His Majesty in another Audience was at the Pains to recapitulate the Sum of all I had spoken, compared the Questions he made with the Answers I had given; then taking me into his Hands, and stroaking me gently, delivered himself in these Words, which I shall never forget nor the Manner he spoke them in: My little Friend Grildrig, you have made a most admirable Panegyric upon your Country: You have clearly proved that Ignorance, Idleness, and Vice may be sometimes the only Ingredients for qualifying a Legislator: That Laws are best explained, interpreted, and applied by those whose Interest and Abilities lie in perverting, confounding, and eluding them. I observe among you some Lines of an Institution, which in its Original might have been tolerable, but these half erazed, and the rest wholly blurred and blotted by Corruptions. It doth not appear from all you have said, how any one Virtue is required towards the Procurement of any one Station among you, much less that Men are ennobled on Account of their Virtue, that Priests are advanced for their Piety or Learning, Soldiers for their Conduct or Valour, Judges for their Integrity, Senators for the Love of their Country, or Counsellors for their Wisdom. As for yourself, (continued the King,) who have spent the greatest Part of your Life in Travelling, I am well disposed to hope you may hitherto have escaped many Vices of your Country. But by what I have gathered from your own Relation, and the Answers I have with much Pain wringed and extorted from you, I cannot but conclude the Bulk of your Natives to be the most pernicious Race of little odious Vermin that Nature ever suffered to crawl upon the Surface of the Earth.

~~Jonathan Swift
Gulliver's Travels, 1729
Book II, Ch. 6

Commander Zaius said...

Randal: How true, while many of a less than stable mind have repeated the claim we stand at the edge of an abyss over many issue to the point the media has grown deaf that doesn't excuse the fact that at our actions will at some point jump up and bite us on our collective asses.

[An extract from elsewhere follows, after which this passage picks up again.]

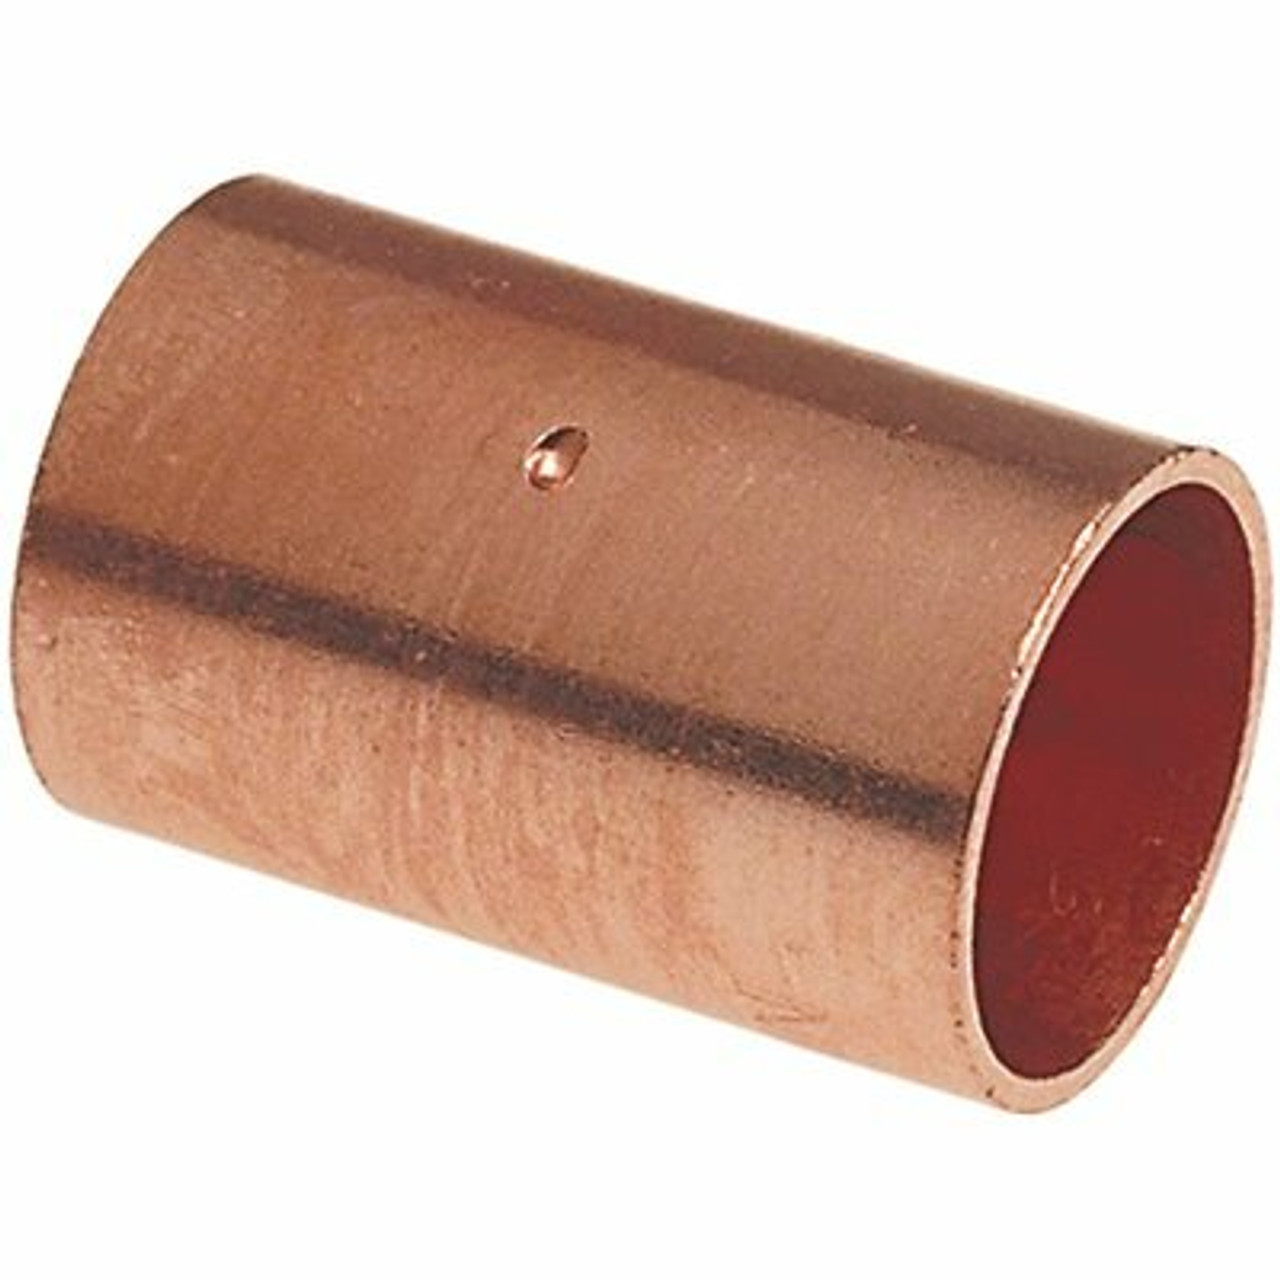 Nibco 1-1/2 In. Copper Pressure Cup X Cup Coupling With Stop Fitting

Stella: Feel free to post any comment of any length you want here. Still, I find myself hoping and praying that our species vaulted intelligence will at some point kick in.

Stella by Starlight said...

If man could be crossed with the cat it would improve man, but it would deteriorate the cat.
~~Mark Twain

But, like you beach, I keep hoping for change.

Kentucky Rain said...

When evolution made man it made its greatest mistake. This mistake will be corrected given time, a lot of time unfortunately.

Commander Zaius said...

Stella and MadMike: If it wasn't for my kids I would find some hideaway and watch the human comedy and just laugh.